Our objective was to evaluate the factors that affect effective torque control during en-masse incisor and canine retraction when using partially osseointegrated C-implants (Cimplant, Seoul, Korea) as the exclusive source of anchorage without posterior bonded or banded appliances.
Base models were constructed from a dental study model. No brackets or bands were placed on the maxillary posterior dentition during retraction. The working archwire was modeled by using a 3-dimensional beam element (ANSYS beam 4, Swanson Analysis System, Canonsburg, Pa) with a cross section of 0.016 × 0.022-in stainless steel. Different heights of anterior retraction hooks and different degrees of gable bends were applied to the working utility archwire that was placed into the 0.8-mm diameter hole of the C-implant to generate anterior torque on the anterior segment of the teeth. The amount of tooth displacement after finite element analysis was exaggerated 70 times and compared with tooth-axis graphs of the central and lateral incisors and the canine.
The height of the anterior retraction hook and the degree of the gable bend had a combined effect on the labial crown torque applied to the incisors during en-masse retraction. By using 30° gable bends and the longest hook, lingual root movement of the 6 anterior teeth occurred. By using 20° gable bends, the 6 anterior teeth showed a translation tendency during retraction.
Three-dimensional en-masse retraction of the 6 anterior teeth can be accomplished by using partially osseointegrated C-implants as the only source of anchorage, gable bends, and a long retraction hook (biocreative therapy type I technique).

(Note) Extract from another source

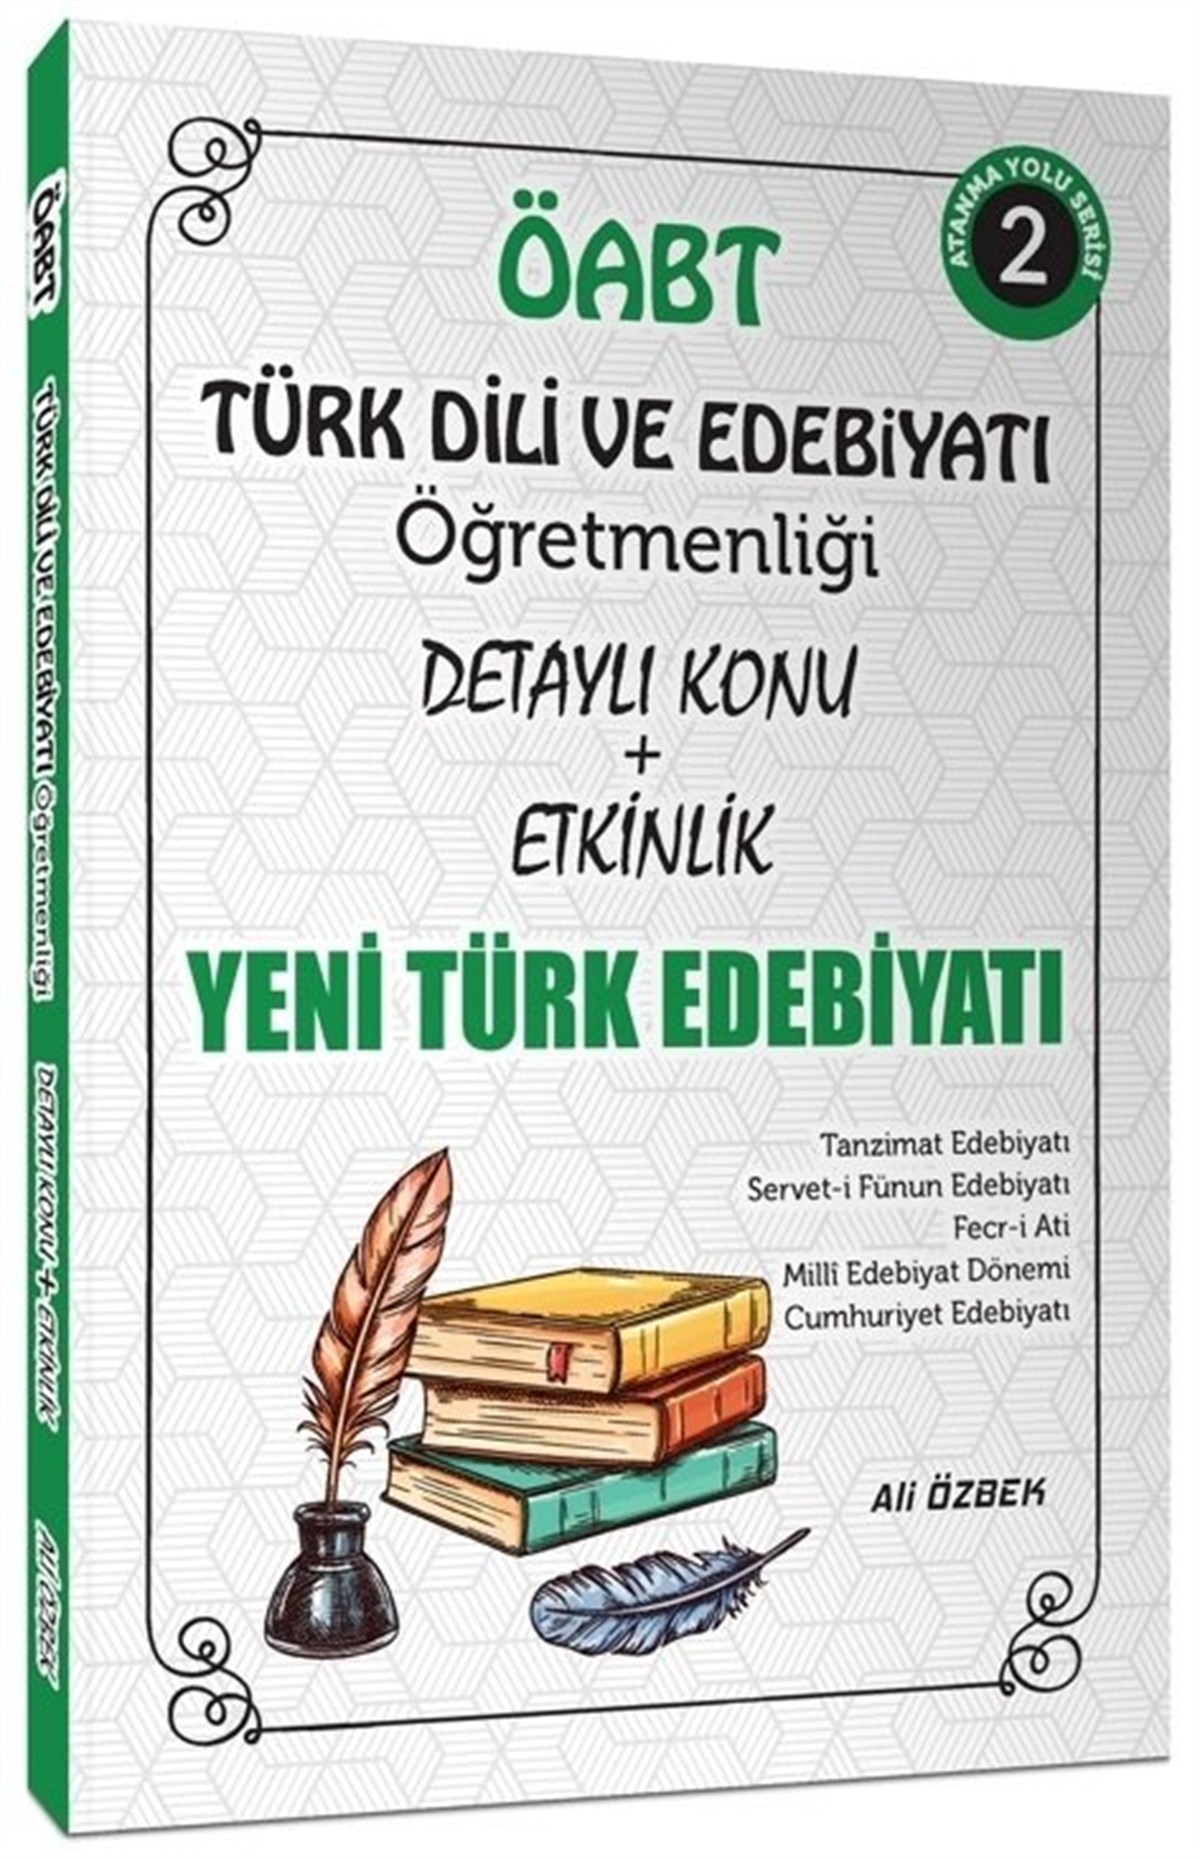 Ali Özbek 2021 ÖABT Türk Dili ve Edebiyatı Yeni Türk Edebiyatı Konu  Anlatımlı 2. Kitap Ali ÖzbekAli Özbek

After Kanomi’s report on this concept, published case reports with mini-implants when applying conventional orthodontic mechanics have shown new complications, such as anterior bite deepening, occlusal plane canting, and posterior open bite or posterior crossbite. When using mini-implants to retract the anterior teeth, it is most important to consider the location of the center of resistance (CR) relative to the location of the mini-implants. Successful bodily translation of the anterior teeth might require additional complicated archwires or a supplementary mini-implant in the anterior segment. If bilateral mini-implants are not in the same horizontal plane, as sometimes required by the anatomy of the maxilla, the clinician could see unwanted canting of the occlusal plane because of the different vectors of forces during retraction. A final concern is that sliding mechanics in a full-arch appliance with mini-implant-assisted anterior retraction might be adversely affected by friction in the bracket slots and tubes.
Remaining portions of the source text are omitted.